17. The system as claimed in claim 11, wherein the indications, one or more unmet medical need categories, and the one or more unmet medical need attributes are pre-defined, wherein the one or more unmet medical need attributes comprises of efficacy, targets, Route of administration, No or less therapeutic, diagnostic unavailable.

18. The system as claimed in claim 12, the at least one server comprising one or more processors configured to apply one or more algorithms to identify synonyms and abbreviations for the indications, one or more unmet medical need categories, and the one or more unmet medical need attributes to identify the one or more sentences.

19. The system as claimed in claim 11, the at least one server comprising one or more processors configured to display the contextual information related to the unmet medical needs of the indications for queries corresponding to one of the indications or the one or more unmet medical need attributes based on the index.

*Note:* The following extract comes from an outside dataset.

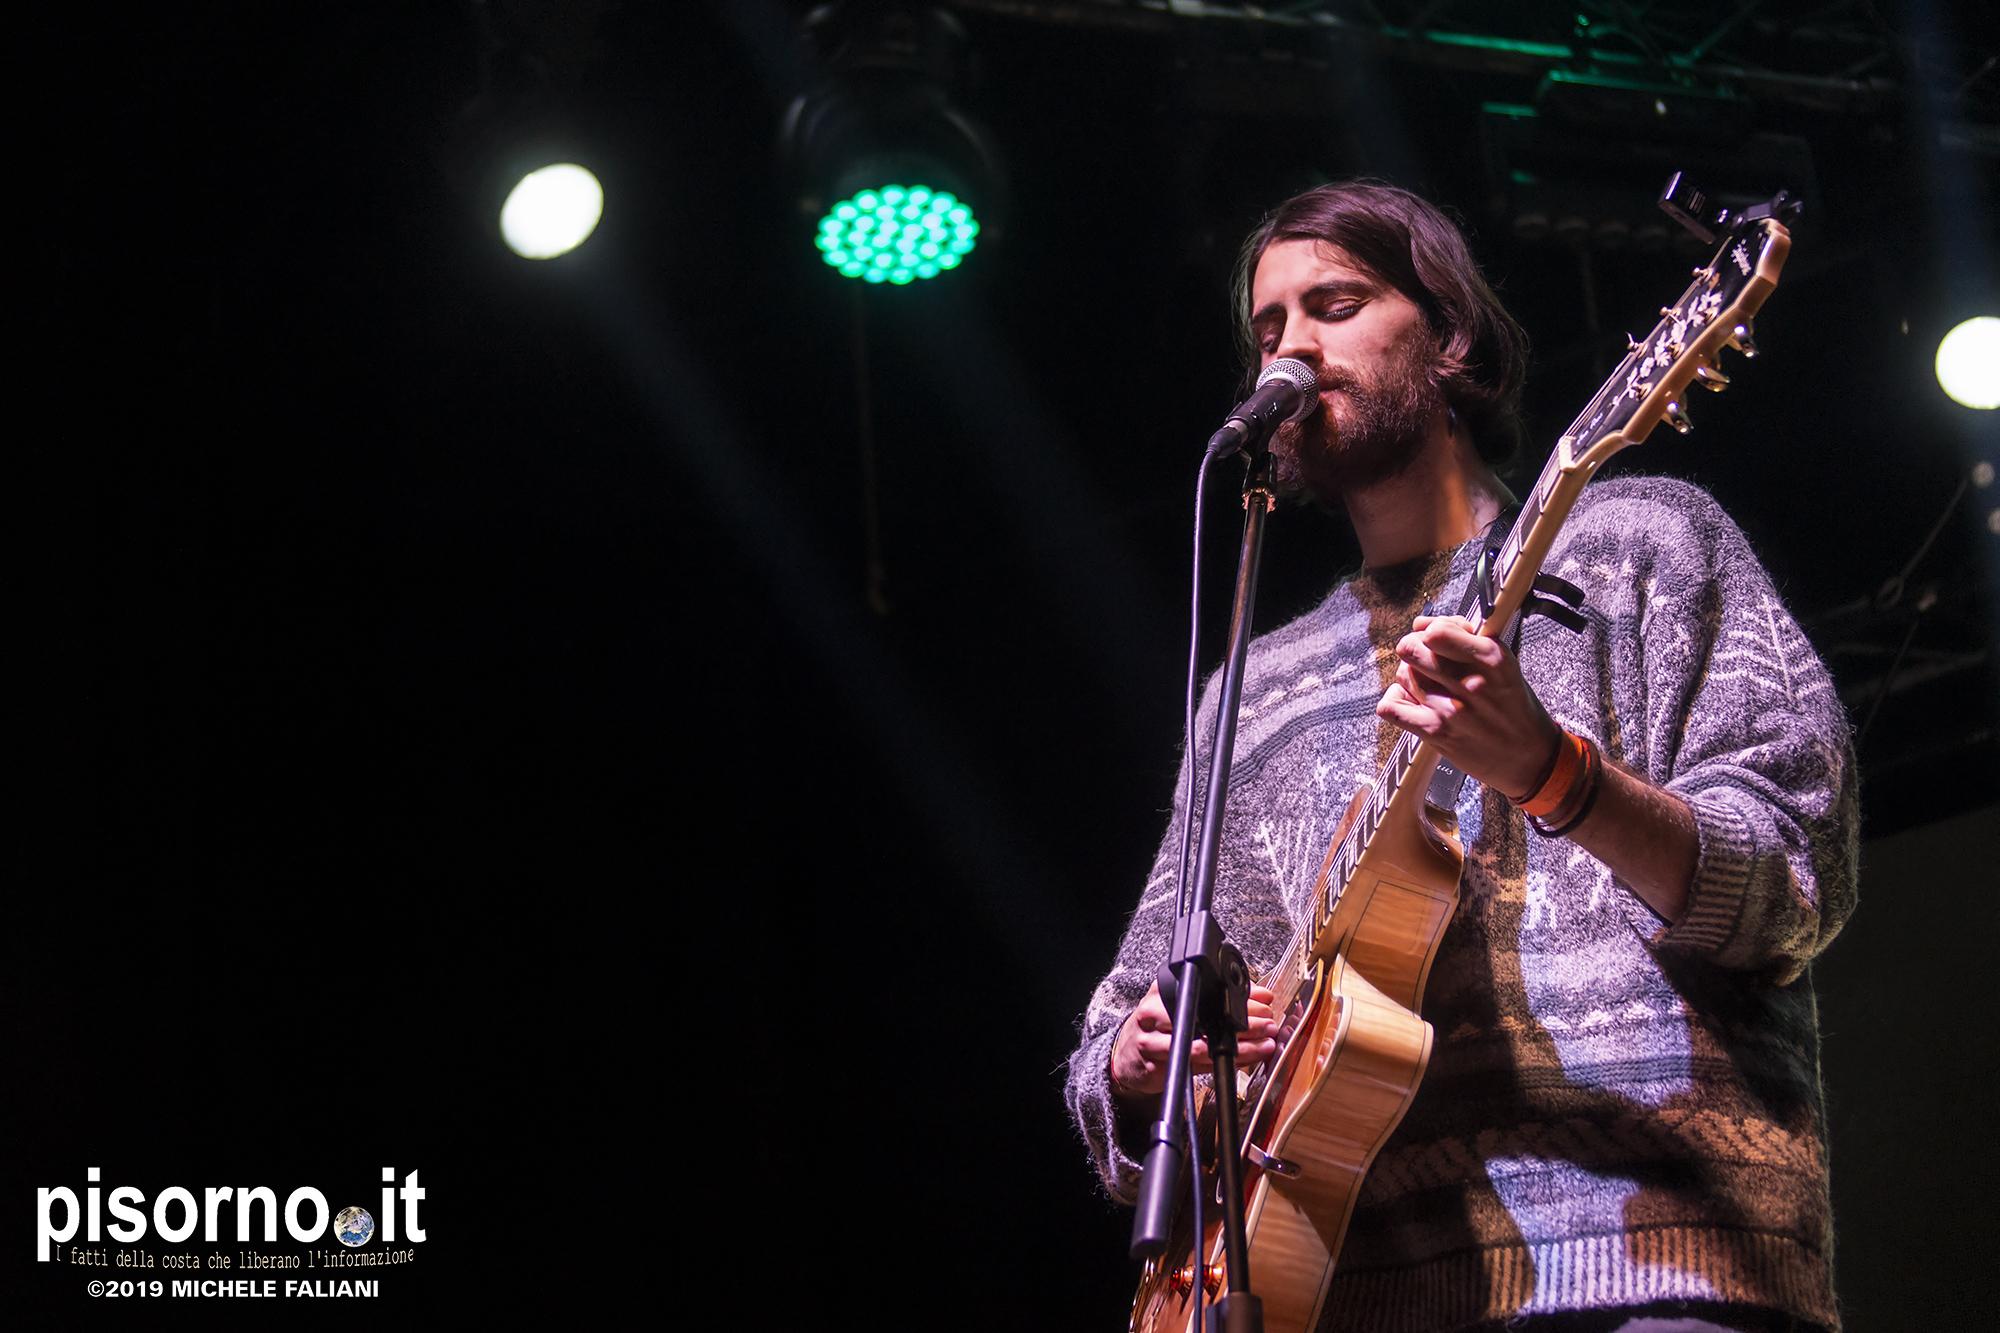 Alto live @ The Cage Theatre (Livorno, November 14th 2019)

20. A computer program product comprising a computer useable medium having computer program logic recorded thereon for enabling a processor to retrieve contextual information related to unmet medical need of an indication, the computer program logic comprising:

scan plurality of medical literature documents to extract and tokenize the documents into plurality of sentences,

model the plurality of sentences to identify contextually labelled one or more sentences comprising indications, one or more unmet medical need categories, one or more unmet medical need attributes, wherein the plurality of sentences are modelled using one or more of natural language processing techniques and supervised ML classifier,

index the modelled contextually labelled one or more sentences, the indications, one or more unmet medical need categories, one or more unmet medical need attributes to retrieve the contextual information related to the unmet medical needs of the indications.